Lauren Spavelko’s “Kéyah” also depicts the American landscape as described by Ruggles. “Kéyah” is Navajo for “land.” However, it is a different kind of portrayal. She is traversing the primeval land and describing its majestic vistas acoustically. The wind is blowing, horses are galloping, the sun is setting, and the stars are shining. Howard Harold Hanson’s quintessential American symphonies come to mind. The vibrant imagery and tapestry of Ruggles, Jolley, and Spavelko go beyond the descriptive. All three are actively promoting awareness of the natural world and its unique wonders as well as advocacy for preservation and conservation efforts. “My work is a call for action,” says Ruggles, who considers his environmentalism a form of service to the country. When a presidential candidate recently set foot into Yosemite Park for the first time, he called it “a religious experience.” Nature is sacred for Ruggles as well.

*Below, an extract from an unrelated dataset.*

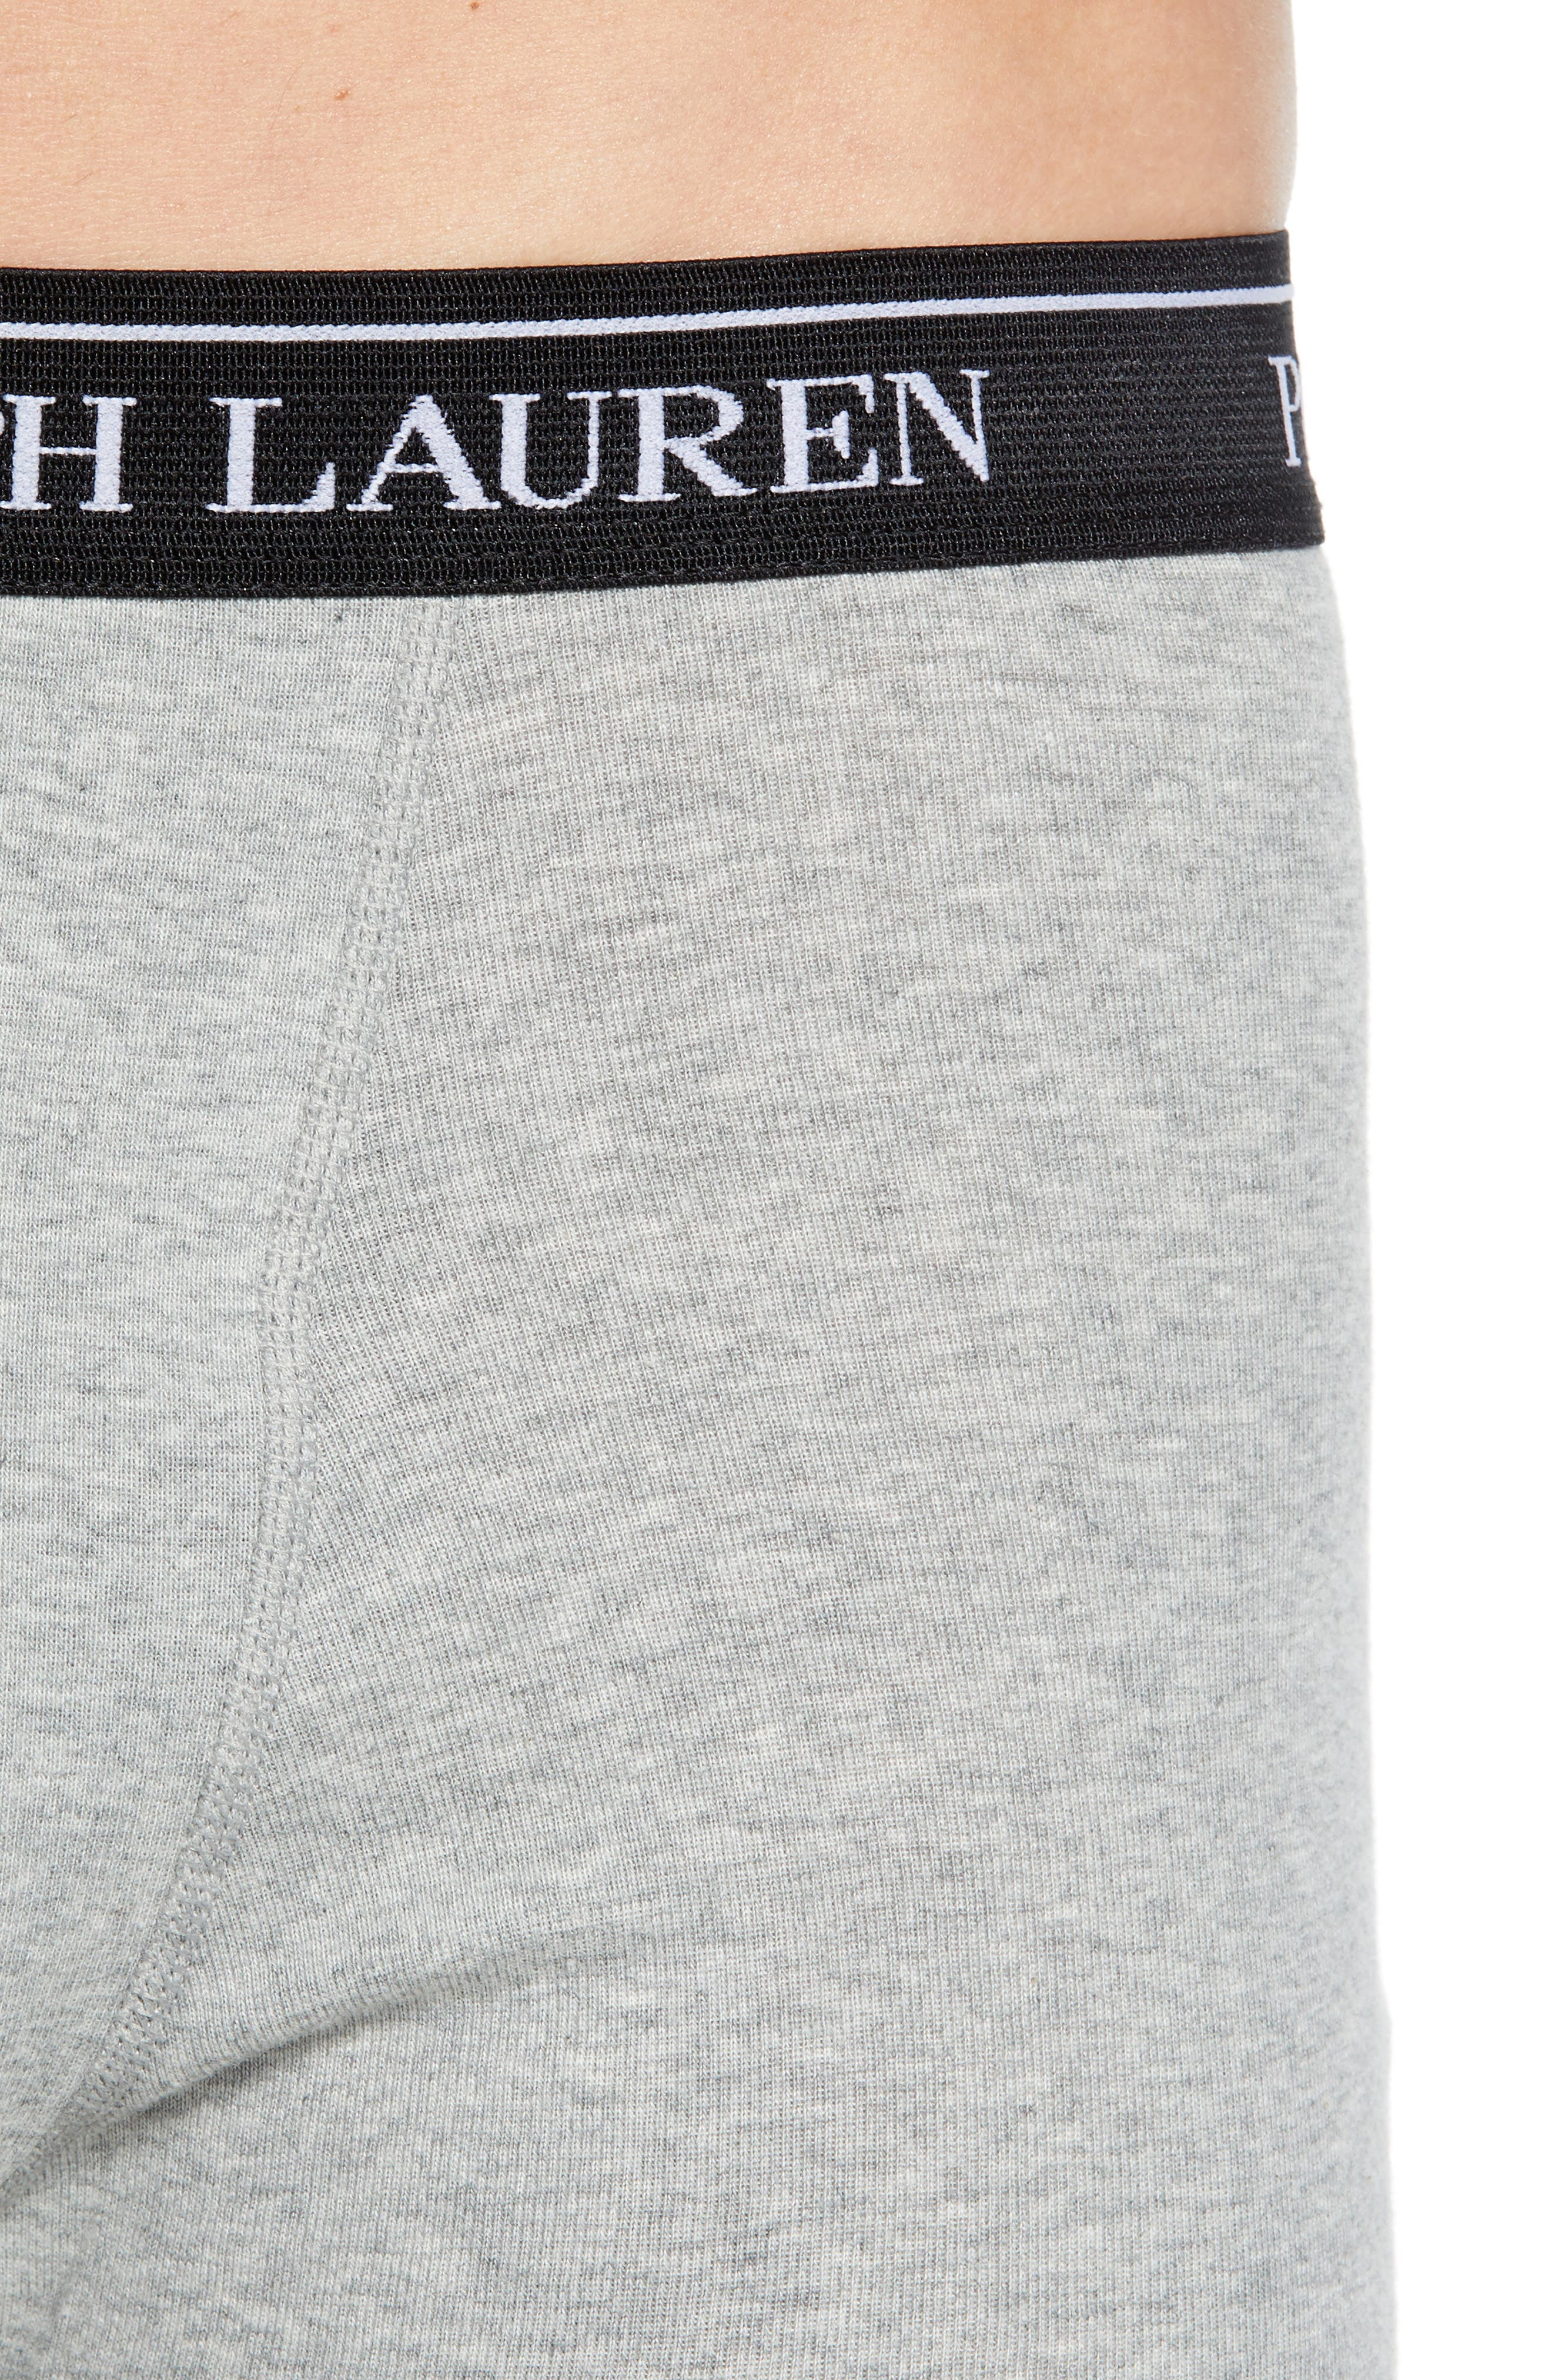 Polo Ralph Lauren 5-Pack Cotton Boxer Briefs,                             Alternate thumbnail 5, color,                             2ANDHTH/MA

Spavelko’s “Kéyah” was an excellent segue into the next number on the program – George Gershwin’s “Piano Concerto in F,” a work that premiered in 1925. The soloist was Jacob Miller, a Delaware native, an OWU graduate (2016), and currently a doctoral candidate at the University of Cincinnati’s College-Conservatory of Music. The challenging work is an interesting mixture of European, American, and African styles and rhythms. It is hard to believe that Gershwin was once not taken seriously as a composer. For Eurocentric music lovers he, along with Bernstein, Copland, Gottschalk, Hanson, and Joplin were too “jazzy,” meaning having less value. All this has changed, of course.

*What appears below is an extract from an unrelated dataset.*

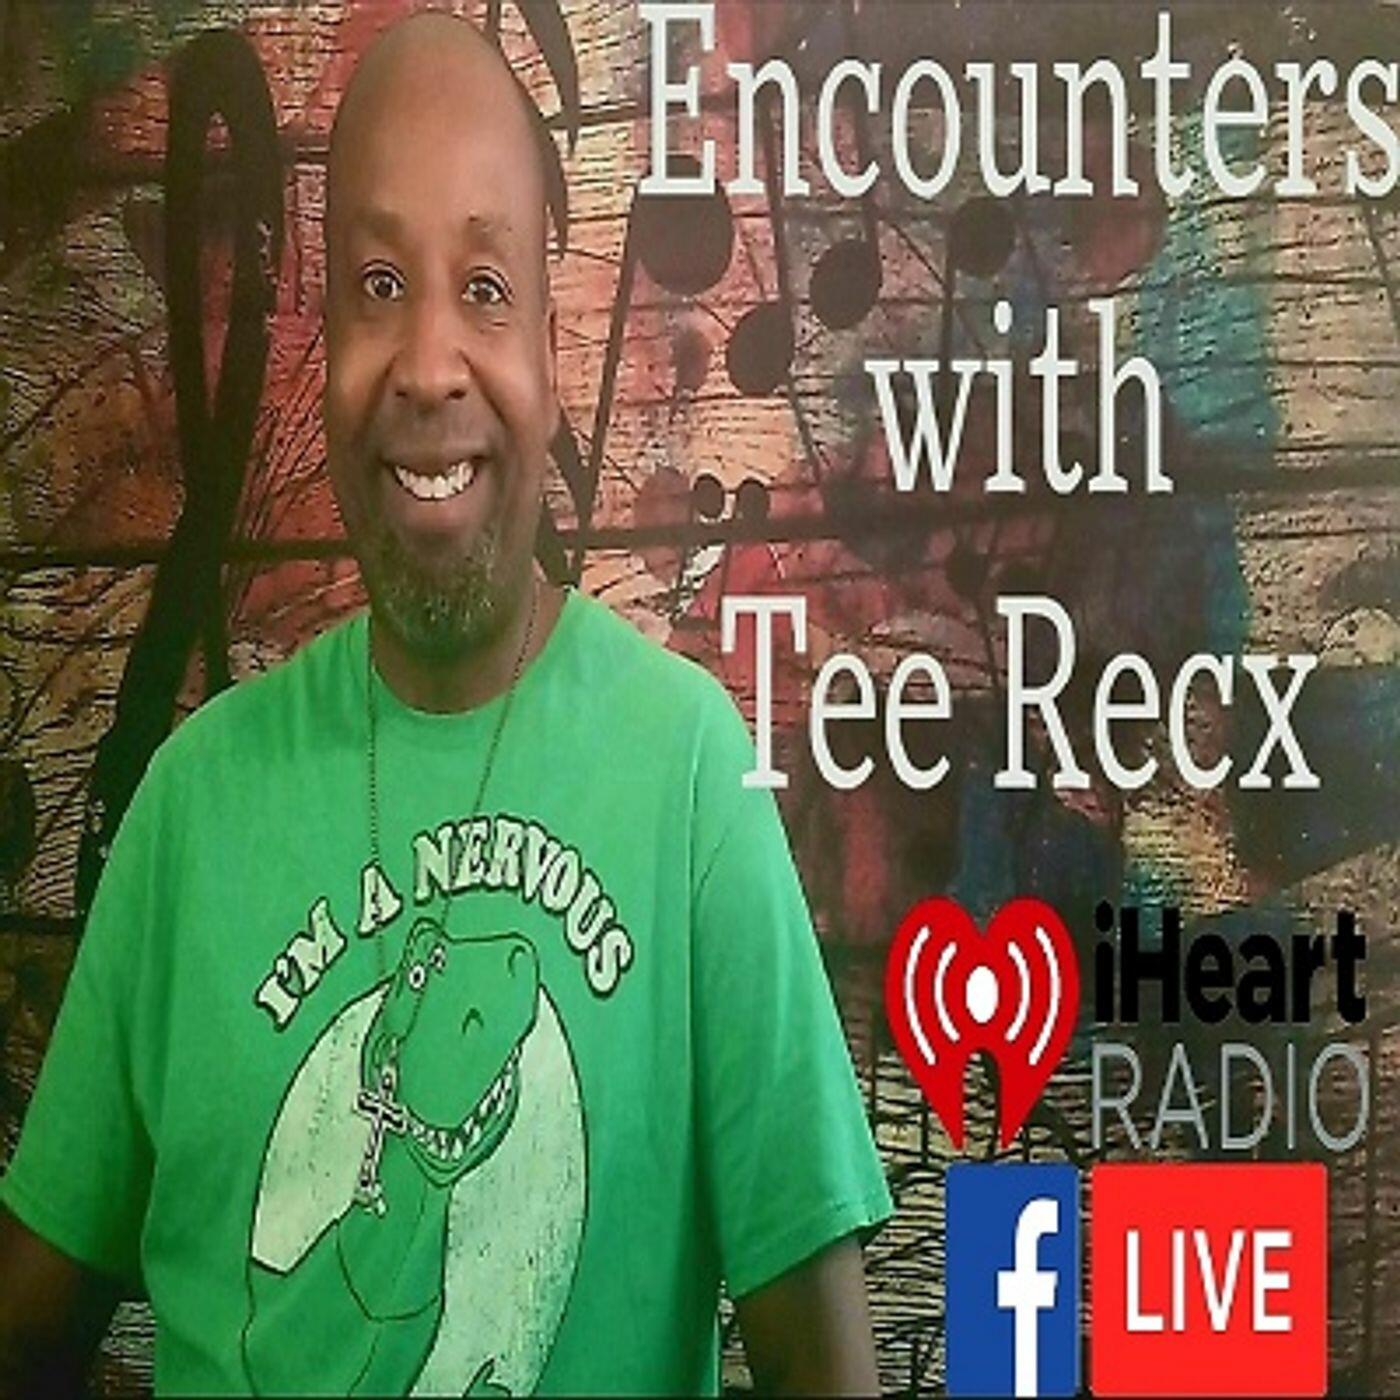 Encounters with Tee Recx

It is fair to state that Gershwin’s piano concerto is a post-romantic work; lyrical and emotive elements are short and fleeting. Instead, it is more a reflection of modern, industrial life. It depicts the 20th-century city with its dynamic pace, busy traffic, syncopative lifestyle, and percussive edges. There are jagged and metallic twists and turns everywhere. The hammers never stop and the city never sleeps. It is not a coincidence that the concerto is rich in percussion instruments. Miller played the challenging work with a great understanding of and feeling for Gershwin. The concerto contains complex rhythms, but the soloist had no difficulty delivering a clear, succinct, and precise rendition where every note and every beat was distinct. He pummeled the keyboard when called upon to do so, but he was also capable of using expressive language when warranted. Unfortunately, during tutti and fortissimo moments the orchestra’s brass section rendered the piano sometimes inaudible. The hands were moving, but the sound disappeared in the ocean of music surrounding it. Maybe that’s not a bad thing after all because in such moments the orchestra and the piano merged into one body. It was also interesting to watch the dialogical interaction of the soloist with the conductor and the orchestra during the rehearsals and the concert. Miller clearly is already an experienced collaborative partner and accompanist. He may not have been originally a natural in this respect, but he has worked hard to achieve better communication and integration. In time, the young soloist will no doubt emerge as a first-rate accompanist and chamber-music player.

After intermission, Antonin Dvorak’s Symphony No. 9, “From the New World,” was performed. It is a magnificent romantic symphony in the grand European tradition. It is true that the Czech composer lived and worked in the U.S. from 1892 to 1895 and was exposed to the vernacular culture he found there, including African-American spirituals and Native-American music. However, this reviewer, along with other music historians, sees only limited “American” influence in the symphony’s four movements. Dvorak did not suddenly become a different composer in New York. Gustav Mahler also lived and worked in America for a while, but the experience did not change his essential identity and musical style. The one exception I would make is Dvorak’s reading of Henry Wadsworth Longfellow’s “The Song of Hiawatha,” a long, epic poem that evokes the Native-American world. The unique style of the poem, and its ritualistic and formulaic repetitions and alliterations, is somewhat emulated in the recurring and ceremonial language of the symphony. However, this kind of language is not American per se. It can be found in ancient and medieval poetry throughout the world. Longfellow did not invent this style; his model was in fact the Finnish “Kalevala.” Richard Wagner did something similar in his “Parsifal.” However, these quibbles over the substance and essence of Dvorak’s opus magnum are of secondary importance. What matters is that the Symphony under the direction of Maestro Jaime Morales-Matos delivered a first-rate rendition of the magnificent work that calls for great lyricism and expressivity. However, the conductor never sacrificed the required rigor and precision. The audience applauded the performance with a well-deserved standing ovation.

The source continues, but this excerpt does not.